AP: He was immediately struck by you in that meeting, but what was your first impression of him?

ULLMANN: Oh, I was so impressed. I'm shy and then I was really shy. I never spoke. When he said he wanted me in one of his movies, I was shocked. Luckily, I didn't have any lines in the movie. It's strange he did that with me because I was 25. I was young. I see the movie as about him having reached middle age and wanting to stop life and go into himself. Then he picked me. I was him. And I think I was him in many of the movies. We were not alike each other but in certain ways we were. There is a reason he then used me continually until he died.

AP: How would you describe how deep your connection was?

ULLMANN: He said that. You and I are painfully connected. We lived together for five years but maybe the most wonderful connection was when we lived separately. We became more connected that way. I came to Fårö (the island he lived on) the night he died and he was already on his way.

AP: Did you share any words on his death bed?

ULLMANN: He was already on his way. One thing I did say. The last film we did together was “Saraband." That's about a woman who comes to her husband many years after it's over. And he asks her, “Why did you come to me?” She says, “You called for me." When I was sitting there on the bed, I said, “If you're wondering why I'm here, you called for me.” He may have heard that, I don't know.

AP: You've often been described as his “muse” but that doesn't seem the right word for your collaboration.

ULLMANN: I don't think I was a muse but you can say that. I did a lot of things that he wanted to do that he didn't do. I traveled. I went into the world. I became famous. The strange thing with all these actors who he loved dearly, he didn't like them to go. Bibi Andersson and Max von Sydow. But he thought it was fun with me. I don't know why. When I did “A Doll's House," he came to New York. He hated to travel. He enjoyed what I did. There was so much I got to do because I wasn't him, and maybe he would have loved to do. All his seriousness, of course that wasn't me.

AP: You consider yourself at heart a theater actor, but what was your relationship to the camera? In the documentary, Blanchett says you were "looking up at the world sort of with a face of unconditional love.”

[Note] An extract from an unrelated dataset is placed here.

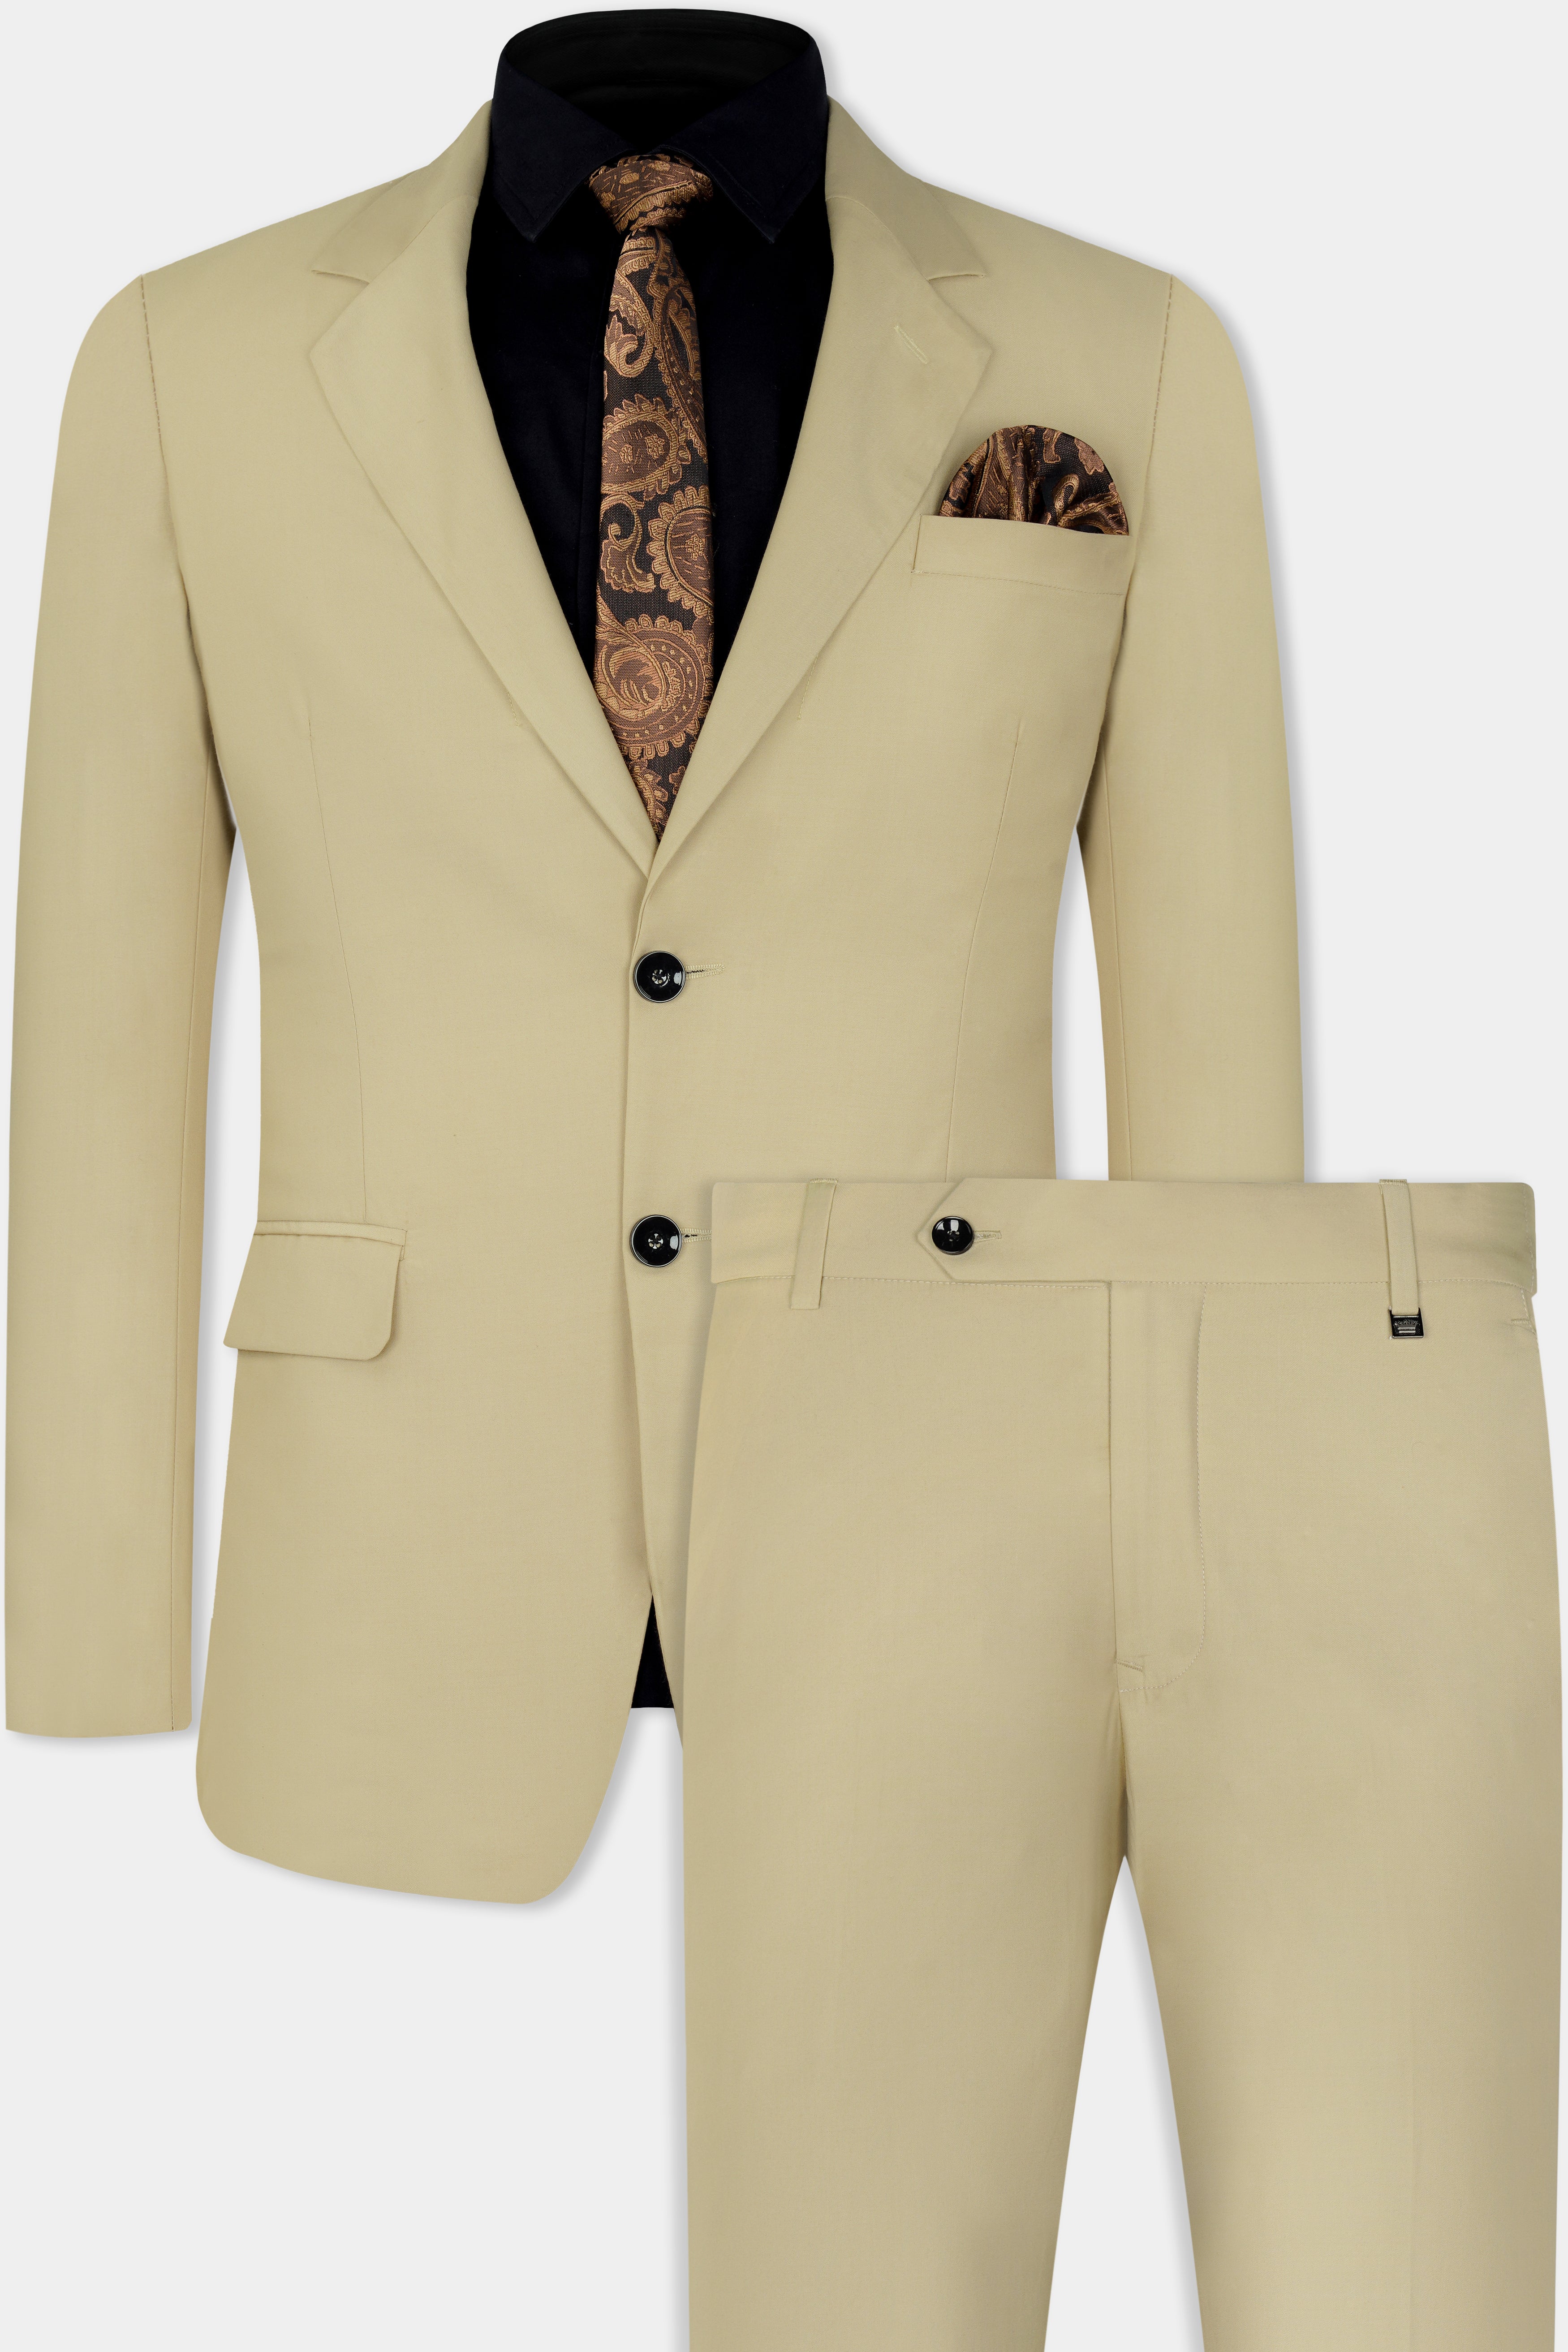 Yuma Cream Wool Rich Single Breasted Suit ST2925-SB-36,ST2925-SB-38,ST2925-SB-40,ST2925-SB-42,ST2925-SB-44,ST2925-SB-46,ST2925-SB-48,ST2925-SB-50,ST2925-SB-52,ST2925-SB-54,ST2925-SB-56,ST2925-SB-58,ST2925-SB-60

ULLMANN: If you’re really close to somebody you love, when you look at each other, you know everything about each other. I see the camera that way. I don’t have to be shy. You are an actor from the inside. Your soul, your your heart can come out if you want to show the camera the real truth. It tells what is under there. It's nothing you can act or do Stanislavski about. It's not your brain. Your brain is not the actor. It's from here (points to heart). If you relax your body, the camera will take it.